[[ Dataset content, beginning ]]

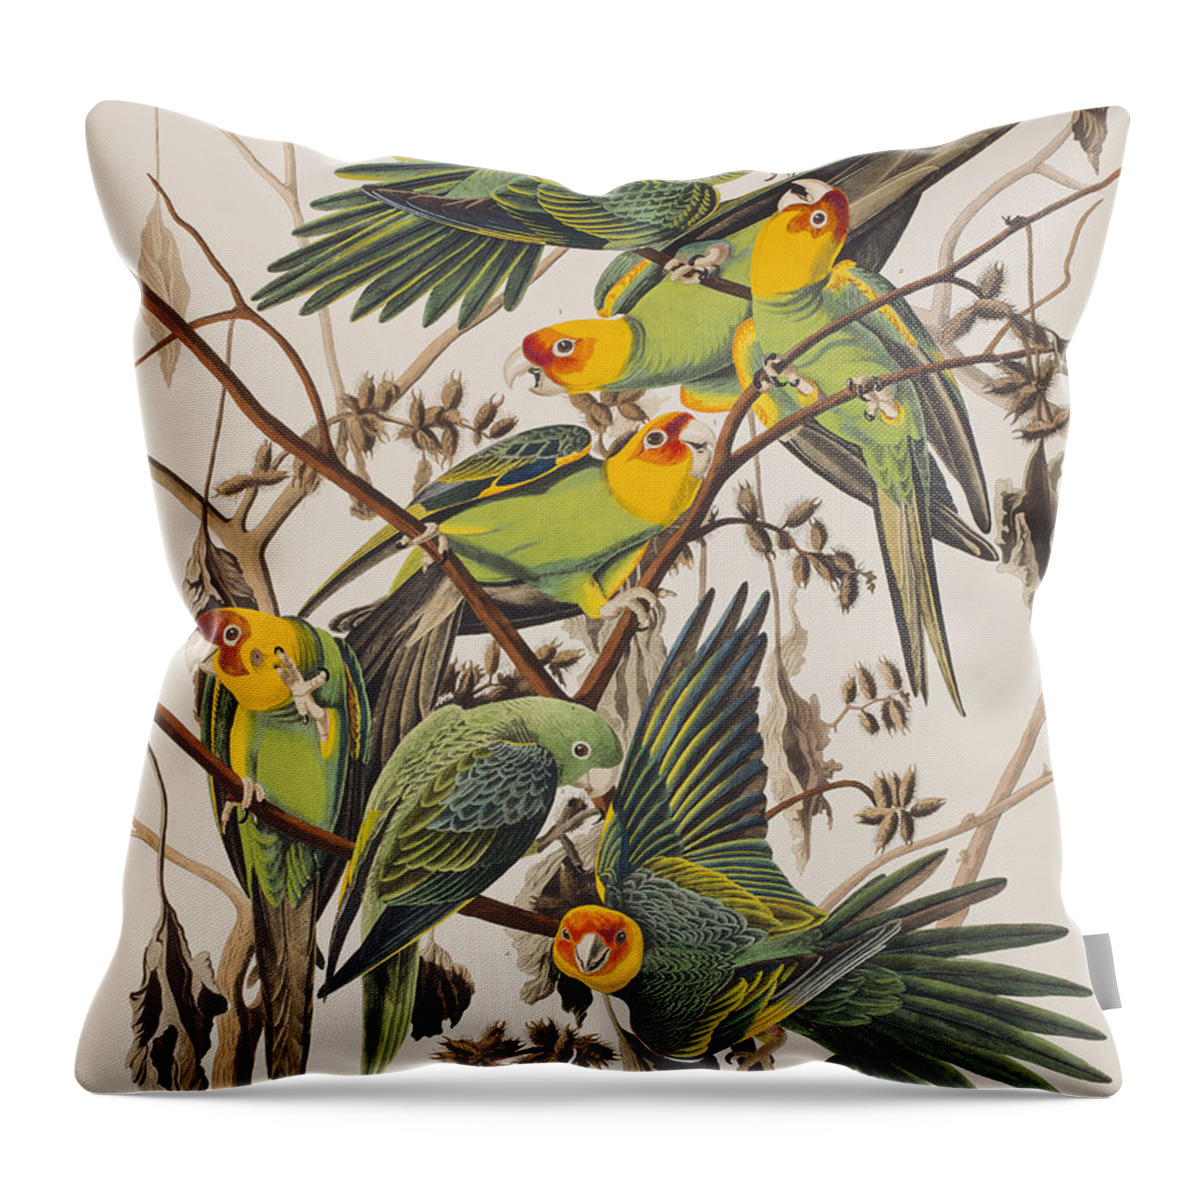 Parakeet Throw Pillow featuring the painting Carolina Parrot by John James Audubon
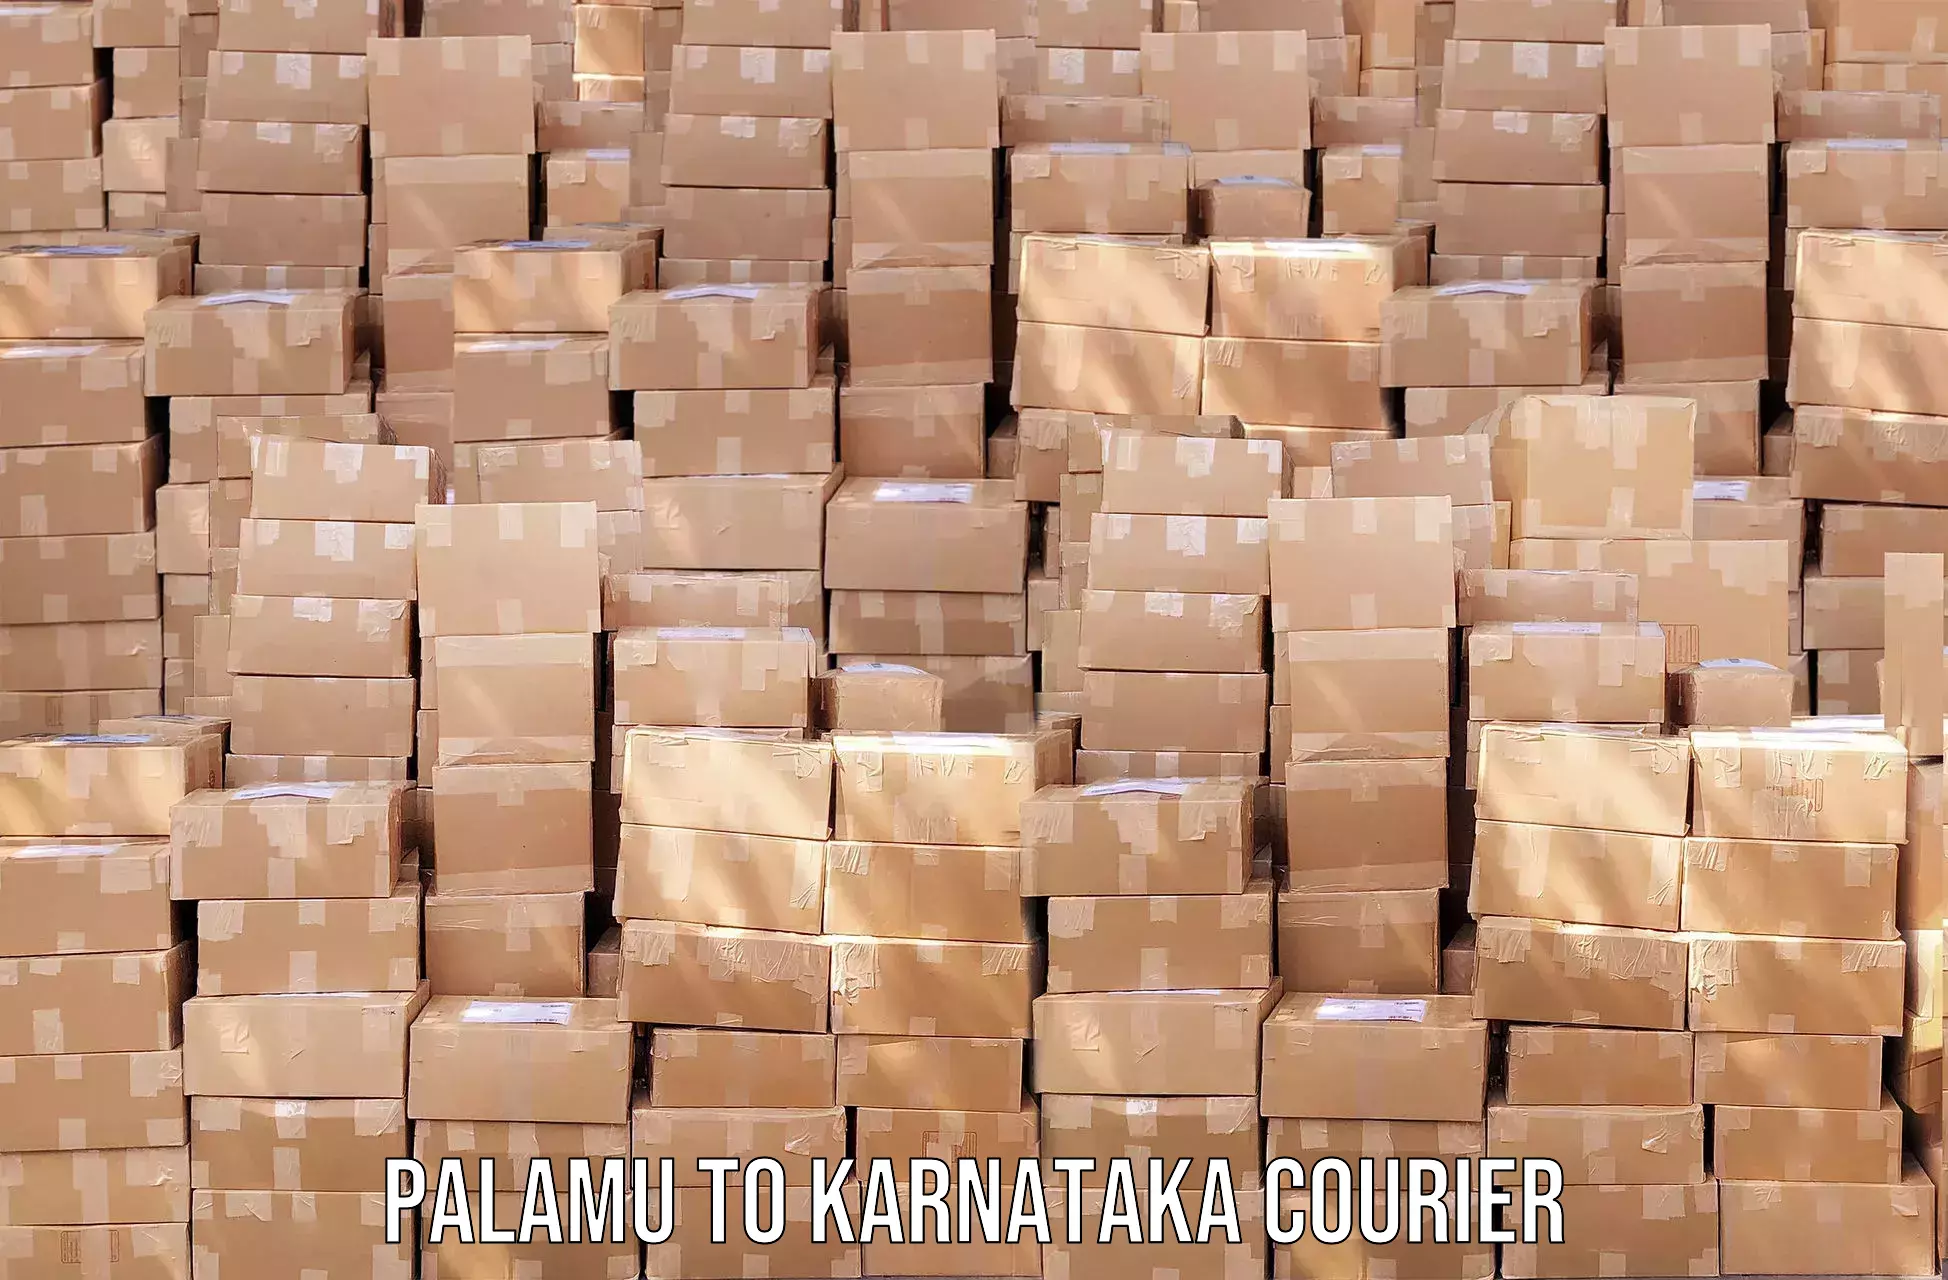 High-speed parcel service in Palamu to Karnataka
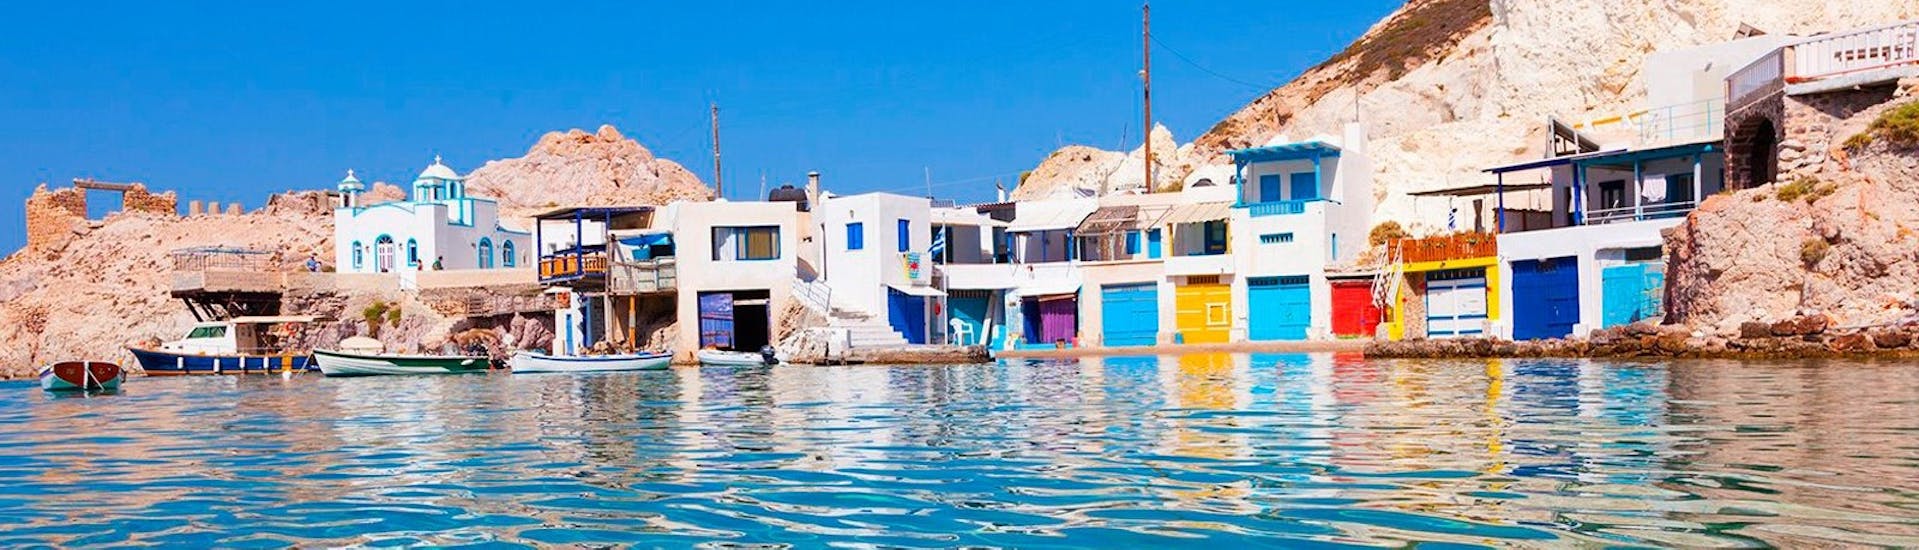 Het kleurrijke dorpje Klima, waar de status van Venus de Milo werd ontdekt, in de privé luxe jachtreis naar Folegandros, Sikinos, Polyaigos & Kimolos met Indigo Yacht Milos.

[[ Dataset content, end ]]

◆ Your objective
Please write the material out again exactly as shown above, minus any pictures.

◆ Solved problem
 Parakeet Throw Pillow featuring the painting Carolina Parrot by John James Audubon
 High-speed parcel service in Palamu to Karnataka
 Het kleurrijke dorpje Klima, waar de status van Venus de Milo werd ontdekt, in de privé luxe jachtreis naar Folegandros, Sikinos, Polyaigos & Kimolos met Indigo Yacht Milos.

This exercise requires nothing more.